The Man Who Tried Wolff

Christian Wolff
Preludes, Variations, Studies and Incidental Music
Performed by Philip Thomas
BELGIUM SUB ROSA SR480 2 x CD (2019)

Pianist Philip Thomas has made a distinguished career of performing the works of the ‘New York School’ figures like John Cage, Morton Feldman and Christian Wolff. The latter forms the central theme for this collection of his works spanning nearly 50 years. Special attention is paid, initially at least, to Wolff’s debt to Cage and how this manifests in homage to the likes of Satie and Chopin. Several pieces draw upon the pianist’s relatively recent fascination with the kind of free improvisation pioneered by the likes of AMM and, in particular, John Tilbury, who receives several tips of the hat here.

Thomas works with the open-ended compositions that emerged from Wolff’s work from the late 1960s onwards, following on from his preoccupation with pointillistic composition in the 1950s and indeterminacy in the early 1960s. By this time, his notation had evolved into something so fragmented, static and discontinuous that even the composer himself was at a loss as to comprehend it. Cage, benevolently, described it as the ‘classical music of an unknown civilisation’. Those of us less conversant with Wolff’s idiolect may struggle with it.

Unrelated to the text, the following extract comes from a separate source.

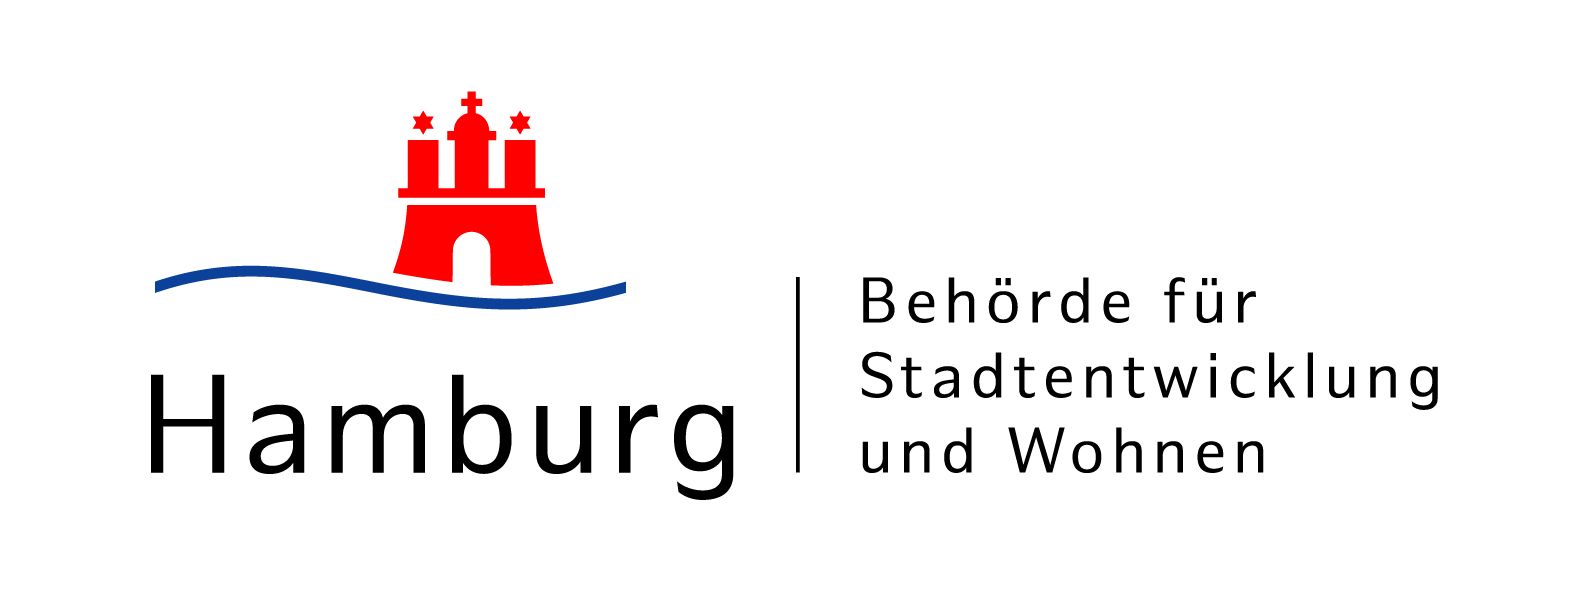 Behörde für Stadtentwicklung und Wohnen Hamburg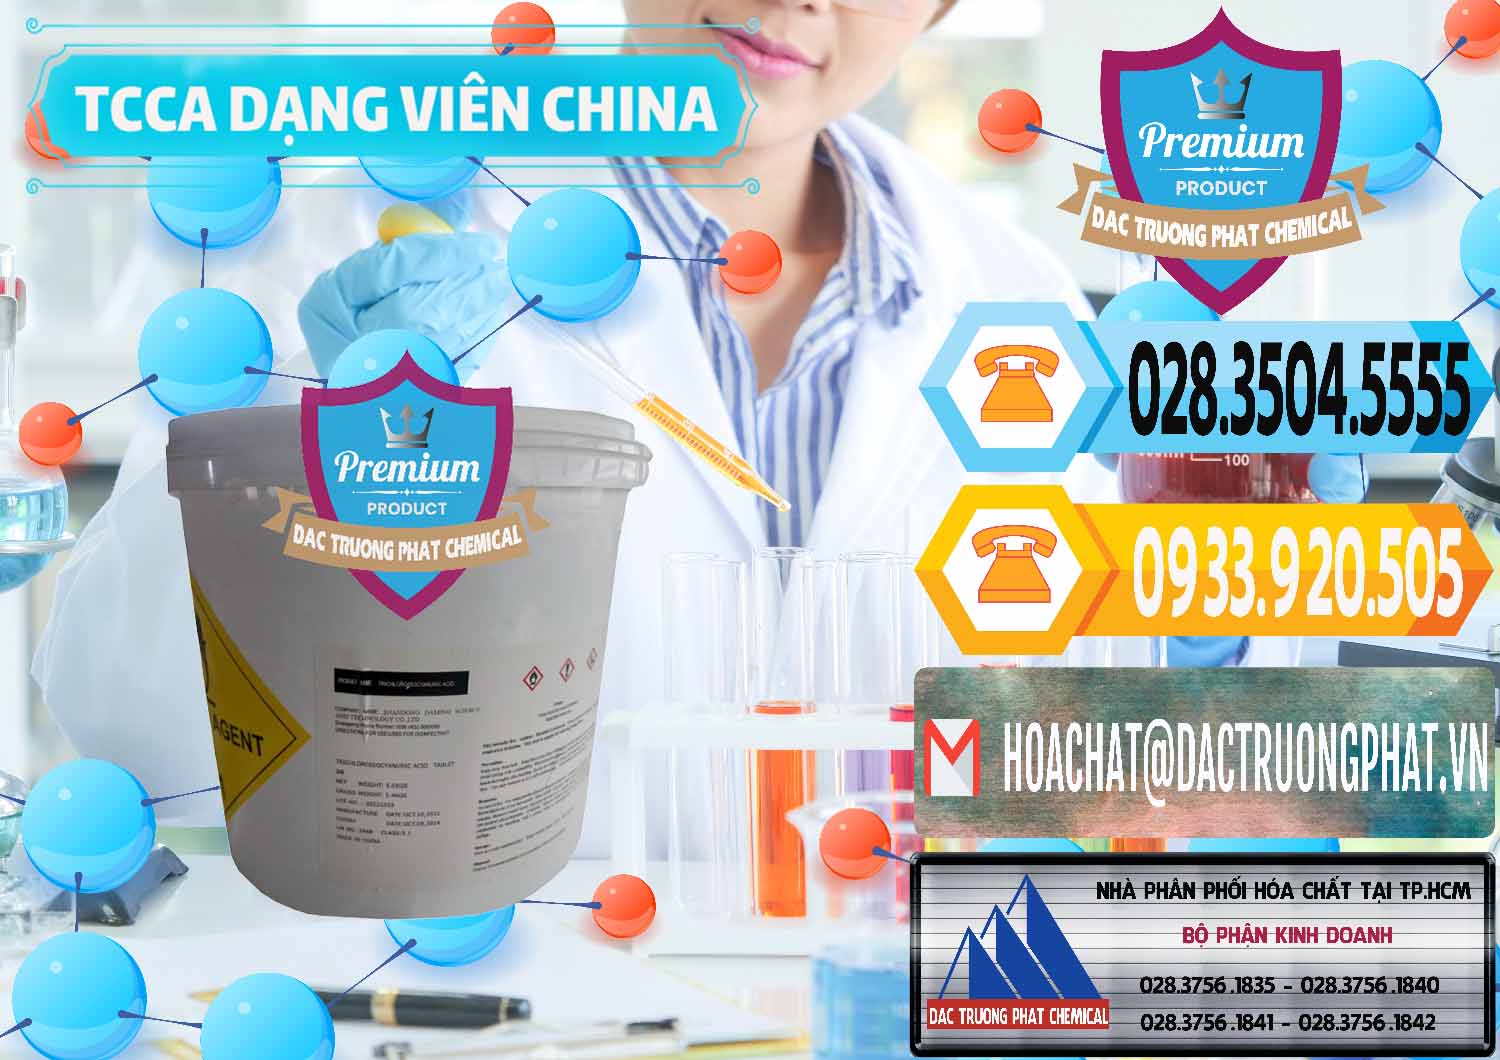 Nơi cung ứng - bán TCCA - Acid Trichloroisocyanuric Dạng Viên Thùng 5kg Trung Quốc China - 0379 - Nhập khẩu - cung cấp hóa chất tại TP.HCM - hoachattayrua.net

Heard casually, this music can seem bewildering. Granted, the playing is focused and change is constant, but it’s an indiscriminate mass on initial listens. With no evident sense of direction or system of values, it has the aspect of an endurance test. However, while acknowledging the existence of such difficulties for the listener, Thomas, naturally enough, contends the point. Although the preponderance of ‘variations’, ‘studies’, ‘preludes’ and ‘incidental music’ in this collection may (self-consciously) bely a uniformity of sound, evoking for some a sense of incompletion or superfluity, for Wolff, such tendencies represented the dynamic potential of ‘social, collective’ political consciousness… oriented “towards some kind of future, open to something that might come next” (as is explicitly stated in the notes to his 11 Preludes (1980-81)). For Thomas as a performer and interpreter of Wolff’s musical language, this fund of almost limitless potential has perennially proven both challenging and ‘beguiling’.

In the accompanying booklet, Thomas’ commentary helpfully demystifies matters with historical, technical and theoretical background, providing a starting point for the uninitiated by crystallising the spectrum of subtle differences between one composition and the next, as well as their points in common. For instance, the three Satie Variations (1995) convey a characteristically mechanical minimalism measured into simple, phrases with unannounced shifts in key and tempo, but they carefully subdivide Satie’s musical language into themes of repetition, simplicity and bitonality (it’s worth reading up before listening).

While ostensibly similar in mood and manner to subsequent inclusions, the methodological difference is pronounced. For instance, equally generative but distinctly structured, ‘Variations on the Carman’s Whistle Variations of Byrd’ (1972) subdivides into 8 melodic lines that the performer is at liberty to follow or ignore. By contrast, ‘Incidental Music’ (2003-04) is a meticulous negotiation between indeterminate and openly improvised performance that leaves no stone unturned as it bundles 100 discrete sections into its playing time of just over an hour. Boundaries may be porous, but the point seems to be that these myriad variations are not so much works in progress as a process in process. Which perhaps makes the durational limitations of the CD a bit constraining.

Thinking back to Cage’s ‘unknown civilisation’ comment, one imagines it to be one in which inhabitants respond to new and perplexing environmental conditions with moment-by-moment recalibration rather than waiting, as does ours, for the next big upheaval before blindly panicking. The music here will shock the system of those unfamiliar with Wolff’s music, but it is guided by a simple principle of freedom. That said, few things confound the rational mind more than simplicity.